>>>
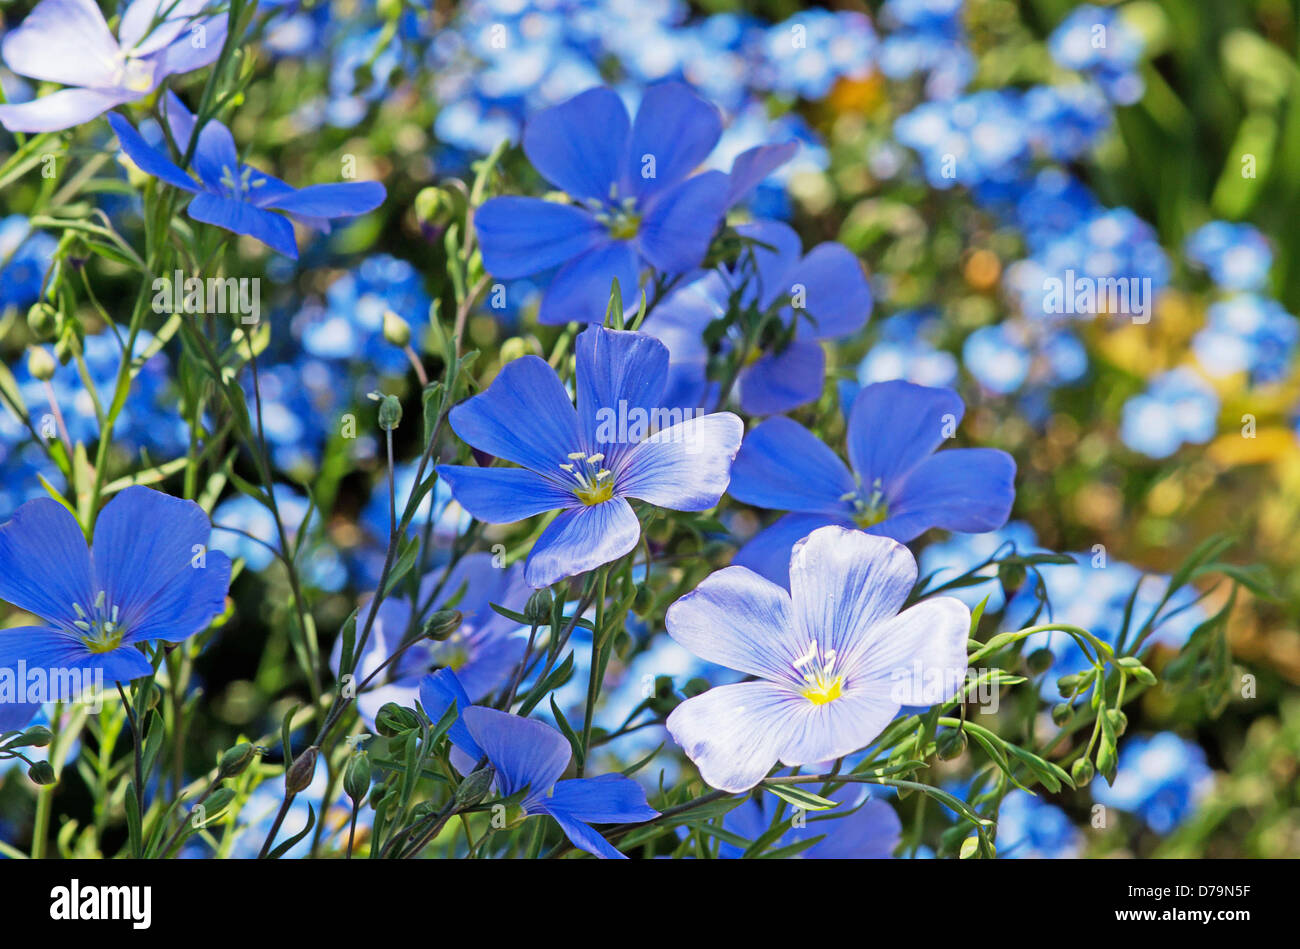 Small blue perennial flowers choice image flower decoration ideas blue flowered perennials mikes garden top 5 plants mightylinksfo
<<<
>>>
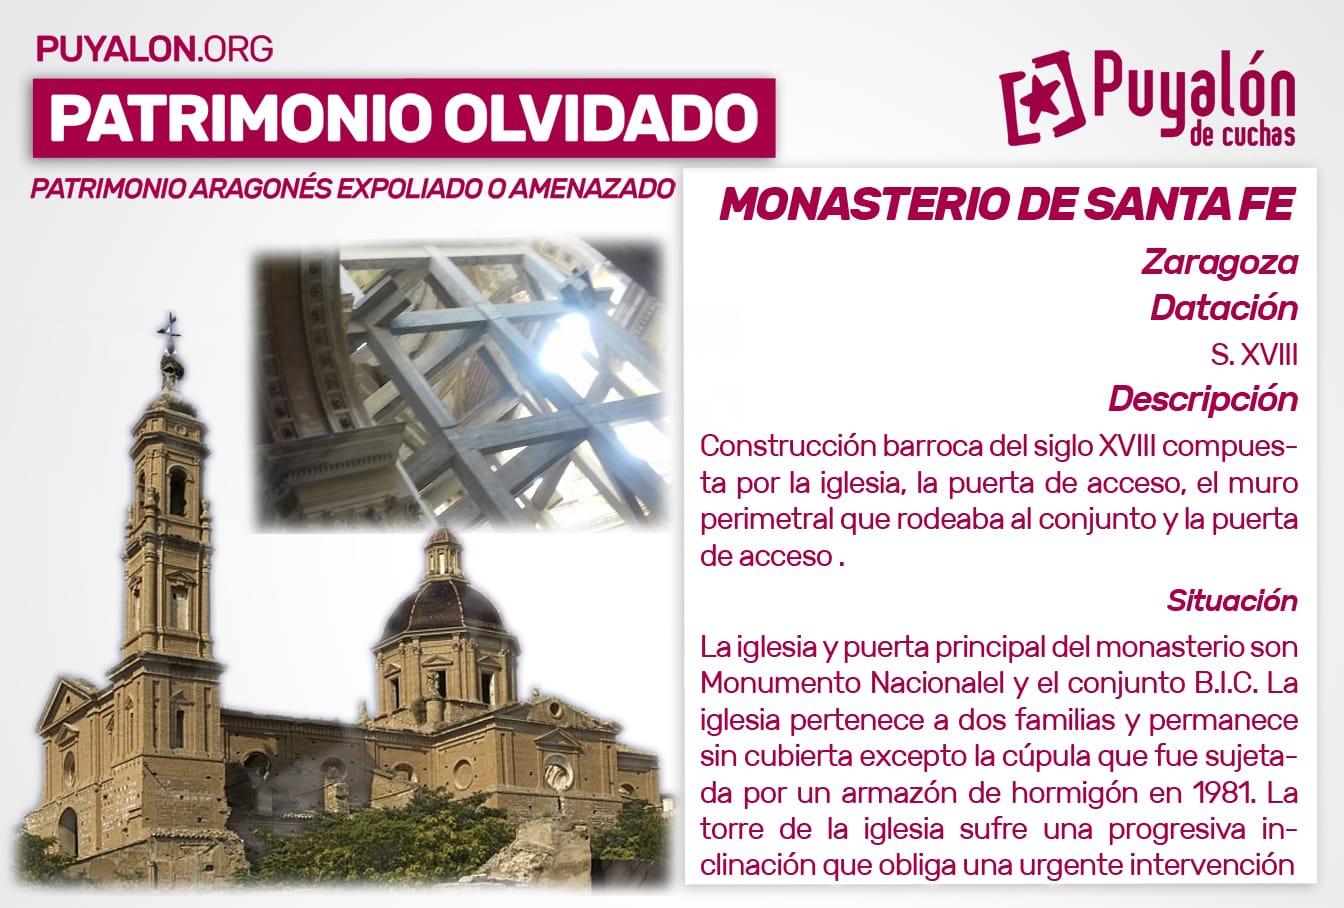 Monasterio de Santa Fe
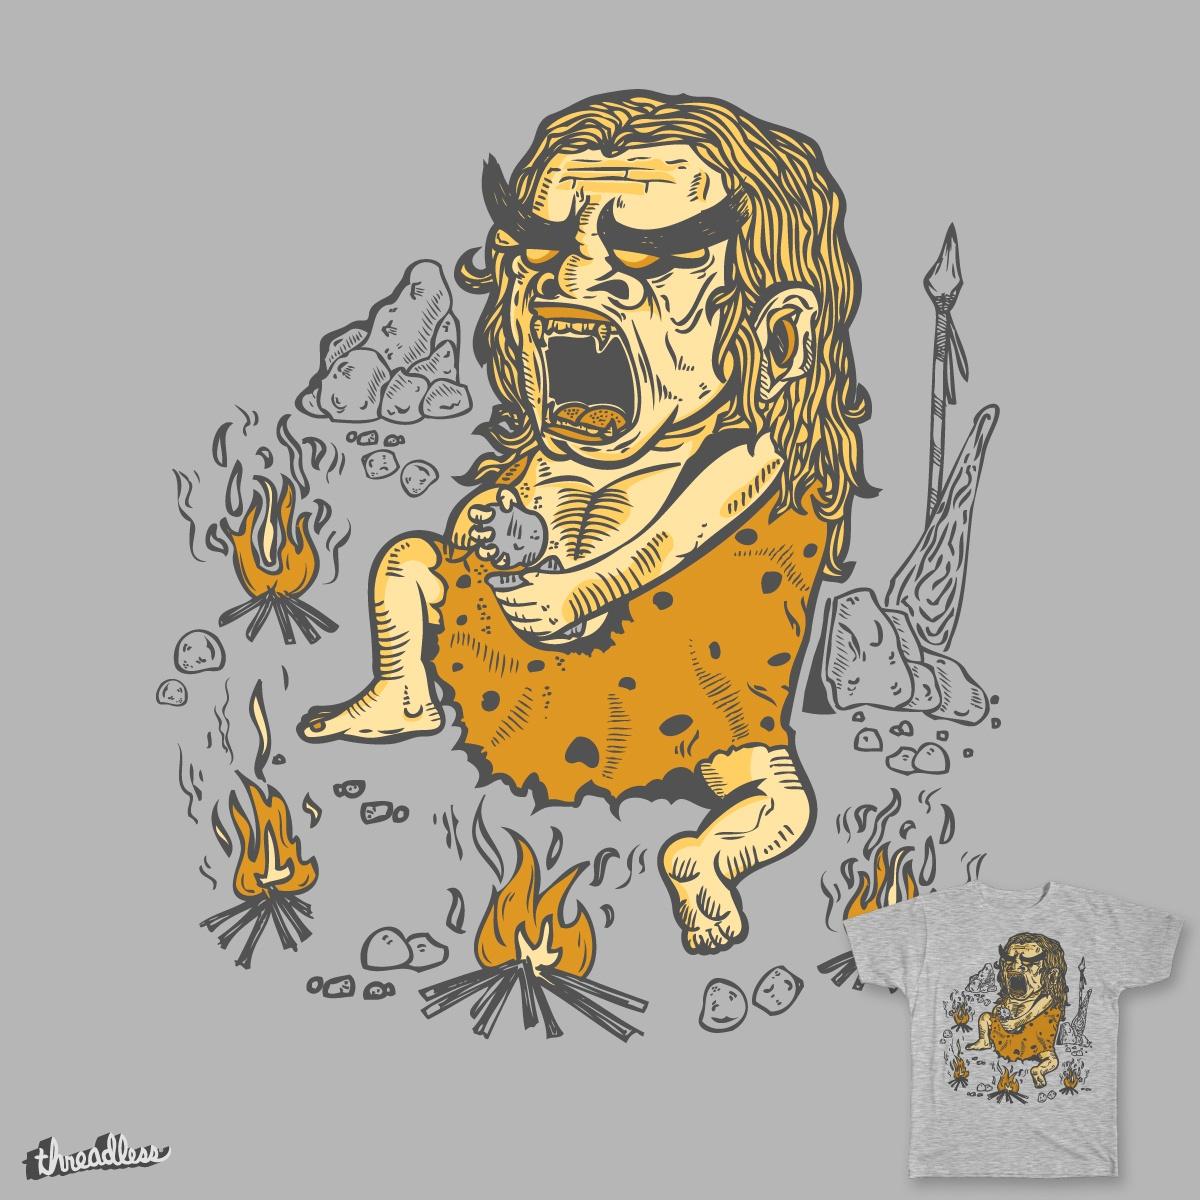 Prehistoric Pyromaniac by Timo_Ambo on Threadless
<<<
>>>
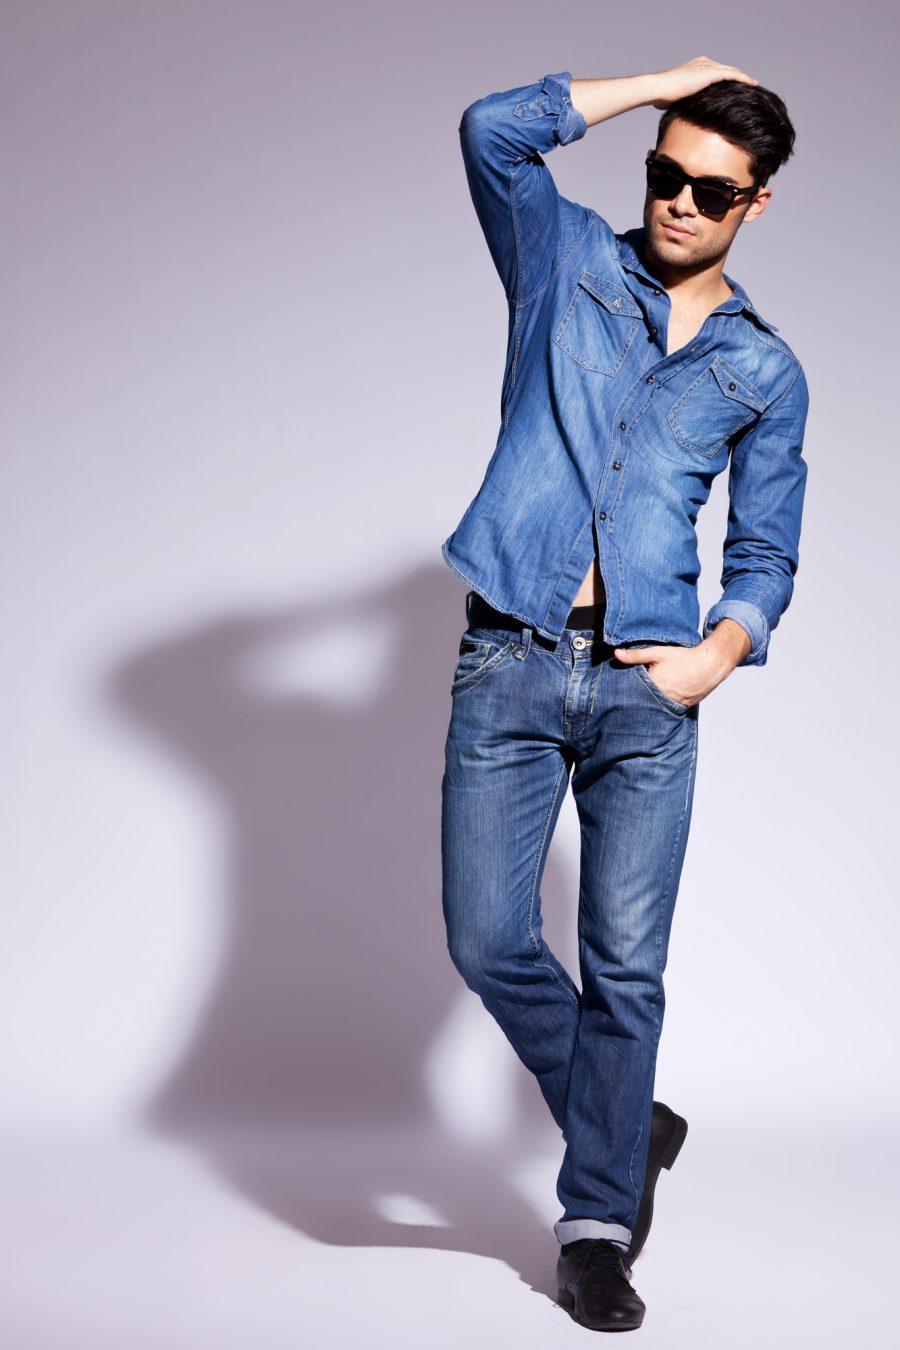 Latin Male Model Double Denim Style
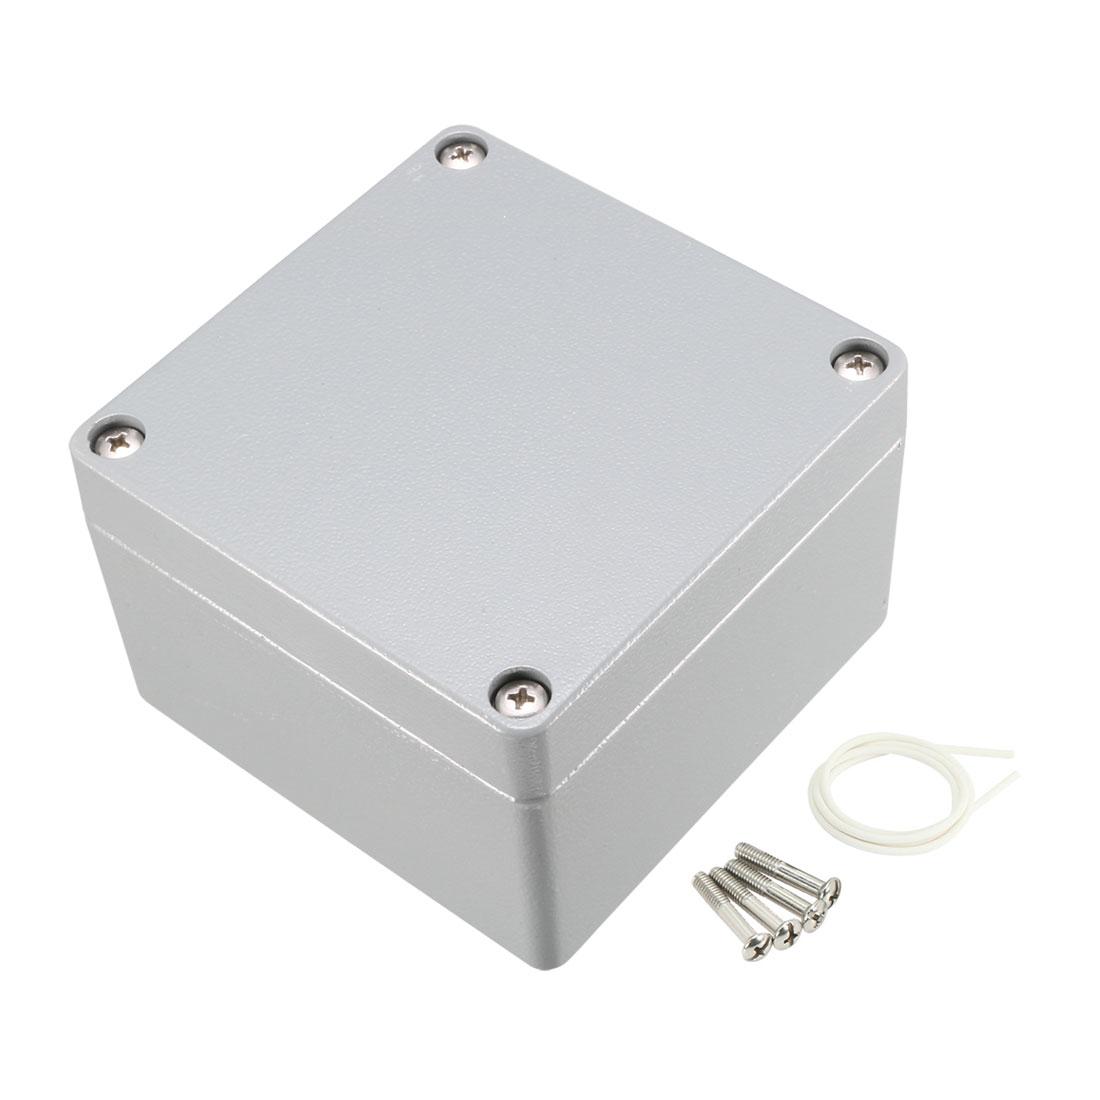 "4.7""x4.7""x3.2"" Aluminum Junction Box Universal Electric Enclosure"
<<<
PROBLEM DETAILS:
Transcribe, exactly and without pictures, everything in the data from the line with "Monasterio de Santa Fe" down to the line with "Prehistoric Pyromaniac by", both included.

ANSWER SECTION:
 Monasterio de Santa Fe
 Prehistoric Pyromaniac by Timo_Ambo on Threadless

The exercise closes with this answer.